EnergetykaGaz.

Kowal: Nord Stream 2 po góralsku (FELIETON)

Budynek Komisji Europejskiej. fot. flickr.com/libereurope (CC BY 2.0)

Budynek Komisji Europejskiej. fot. flickr.com/libereurope (CC BY 2.0)

Nord Stream 2 jest zawalidrogą integracji europejskiej. Ludzie patrzą na niego jak na test, który ma nam coś powiedzieć o prawdziwych intencjach europejskich państw. Jest oczywiście wiele spraw, na podstawie których można badać czy współcześnie integratorzy są szczerzy: w wielu przypadkach test wyszedłby prawdopodobnie bardzo dobrze, ale Gazociągu Północnego w tej dyskusji ominąć się nie da. Unia musi tę próbę przejść i tymczasem efekt tej próby może być słaby – pisze Paweł Kowal, były wiceminister spraw zagranicznych, historyk.
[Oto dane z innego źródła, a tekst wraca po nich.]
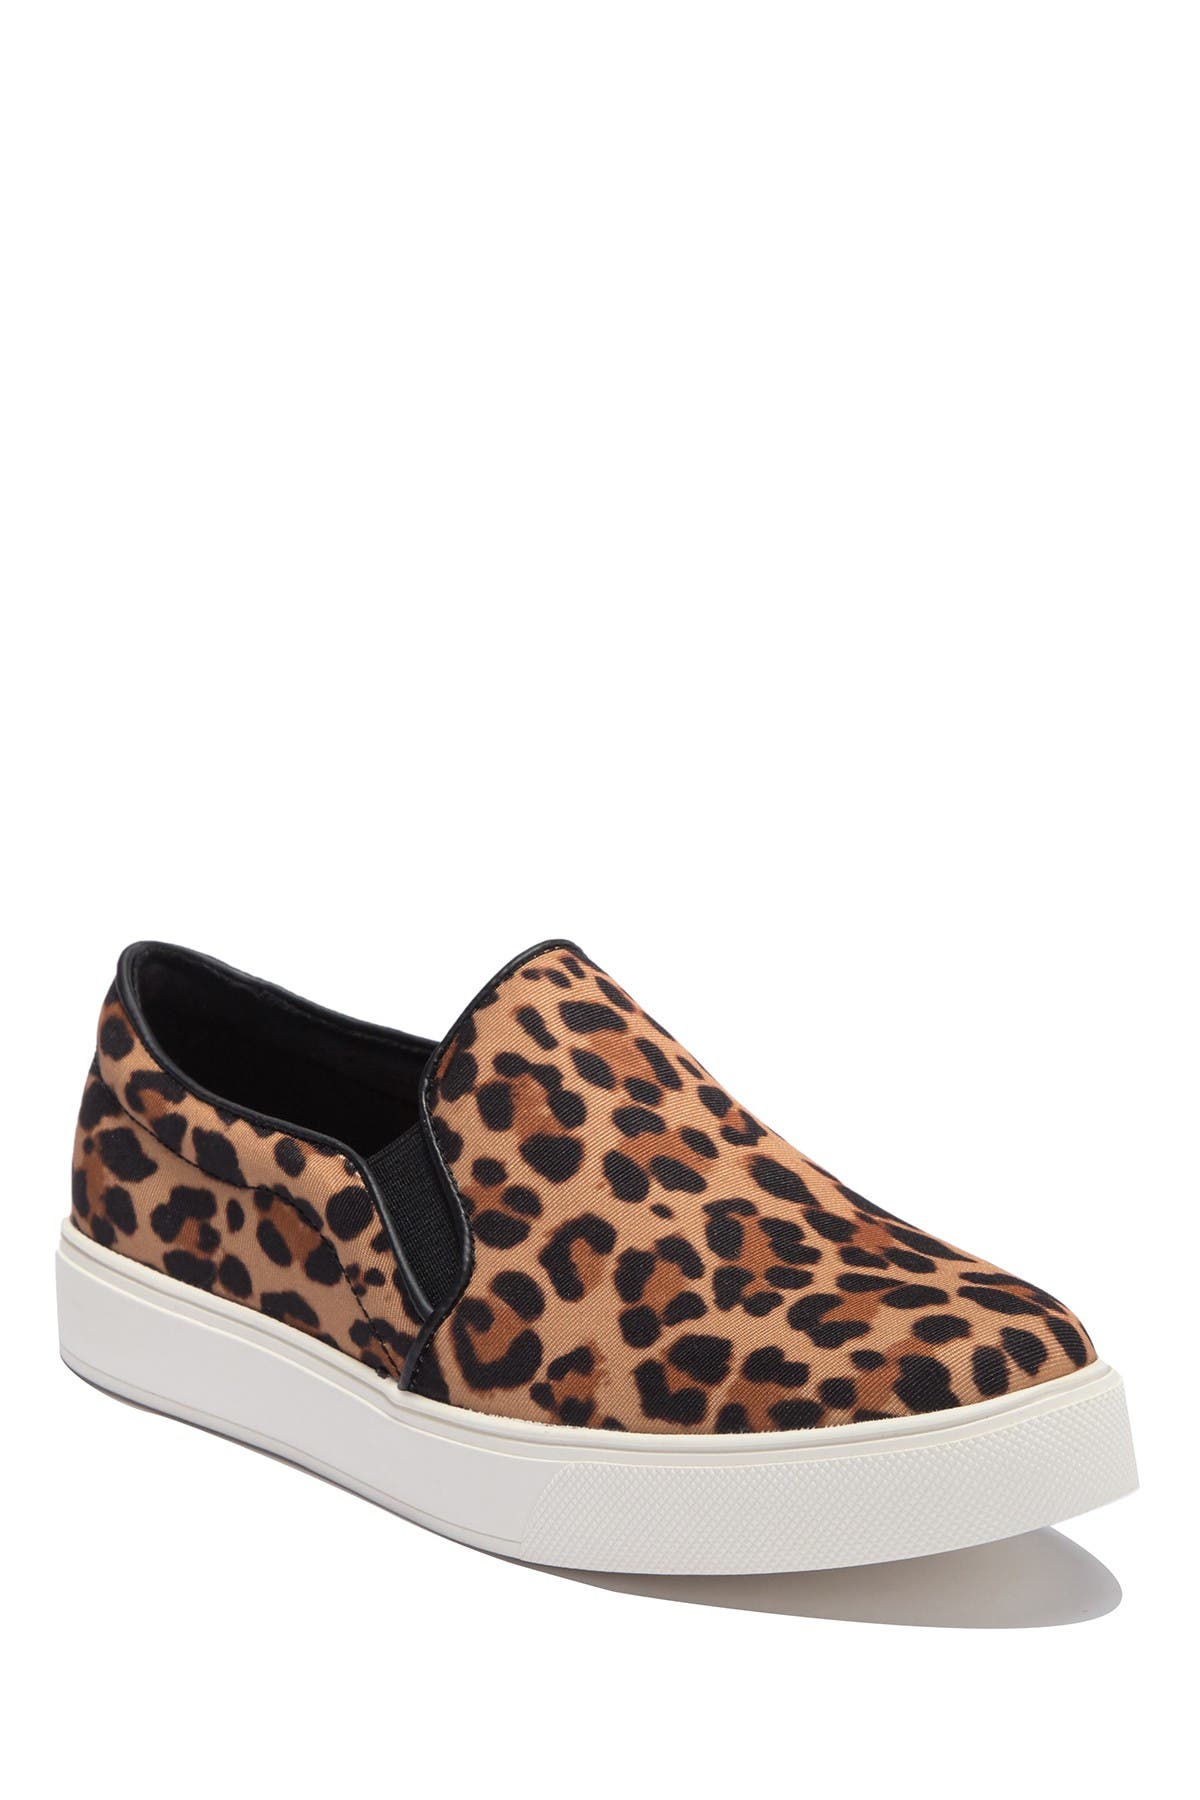 aldo leopard sneakers
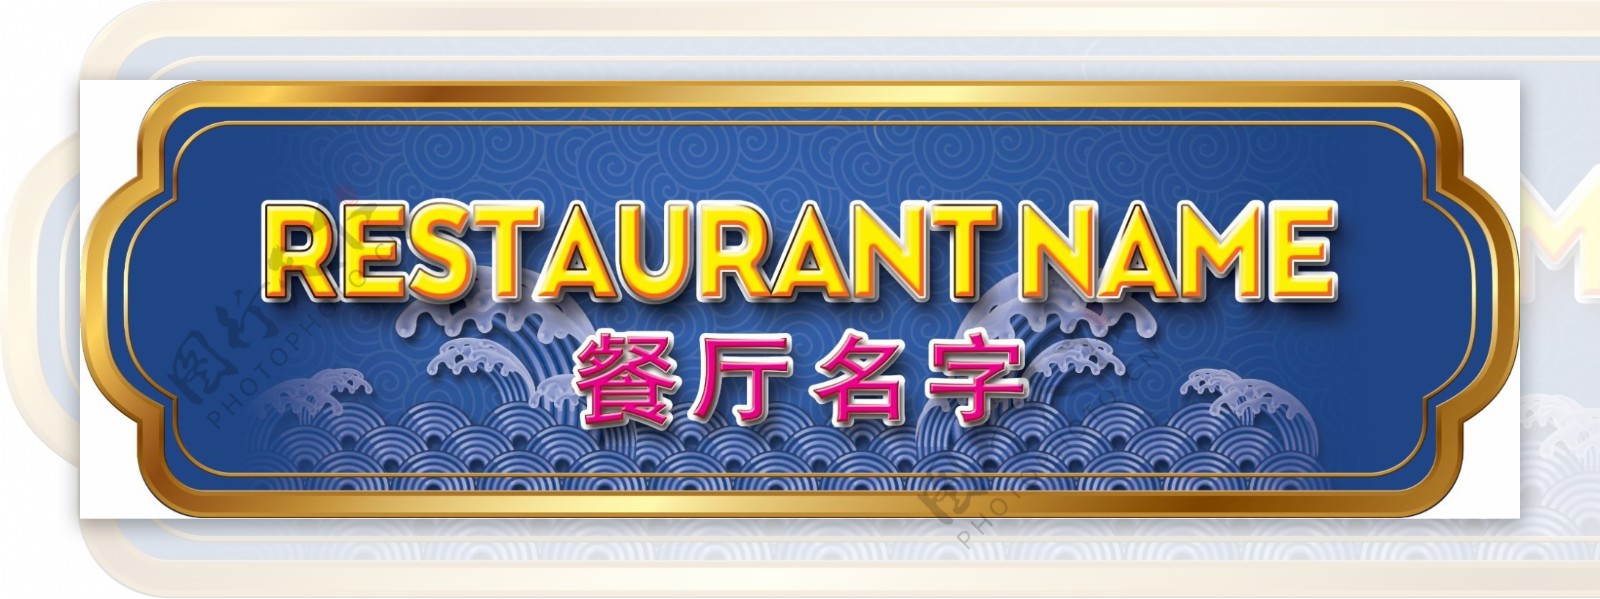 中式风格饮食餐厅招牌设计3

Mamy więc, „tłumacząc na góralski” taką oto historię: Komisja Europejska składa wniosek o rozwiązanie pewnego problemu w duchu Traktatu Lizbońskiego, sprawa jest oczywista i w interesie europejskim. Przy okazji na stole leżą interesy najważniejszego dzisiaj na Wschodzie sojusznika Unii, czyli Ukrainy. Do tego wchodzi w grę kwestia reputacji Unii a nawet całego Zachodu w rozgrywce z Rosją, i jeszcze możliwość sprawdzenia intencji Waszyngtonu, który deklaruje walkę z koncepcją Nord Stream 2.  Byłaby więc wyśmienita okazja do wzmocnienia euroatlantyckiego sojuszu w sprawach bezpieczeństwa energetycznego. Tymczasem uruchamia się mechanizm konsultacji francusko-niemieckich czyli ożywa duch skądinąd zacnego traktatu elizejskiego uzupełnionego ostatnio w Akwizgranie. Oto potęga polityki. Ile było w Polsce komentarzy, ze traktat akwizgrański to spis pobożnych życzeń a jednak zasada ścisłej konsultacji każdej sprawy zadziałała, a być może z tyłu mamy jeszcze do czynienia z rosyjskim lobbingiem wobec jednej ze stron. Jako Polska podczas głosowania nad dyrektywą gazową odnieśliśmy pyrrusowe zwycięstwo – ustępstwa uczynione na rzecz innych członków Unii były nieznaczące w stosunku do siły żelaznych więzów francusko-niemieckich. Dopiero interwencja Parlamentu Europejskiego w trilogu poprawiła zapisy i pokazała na kogo w Europie można liczyć.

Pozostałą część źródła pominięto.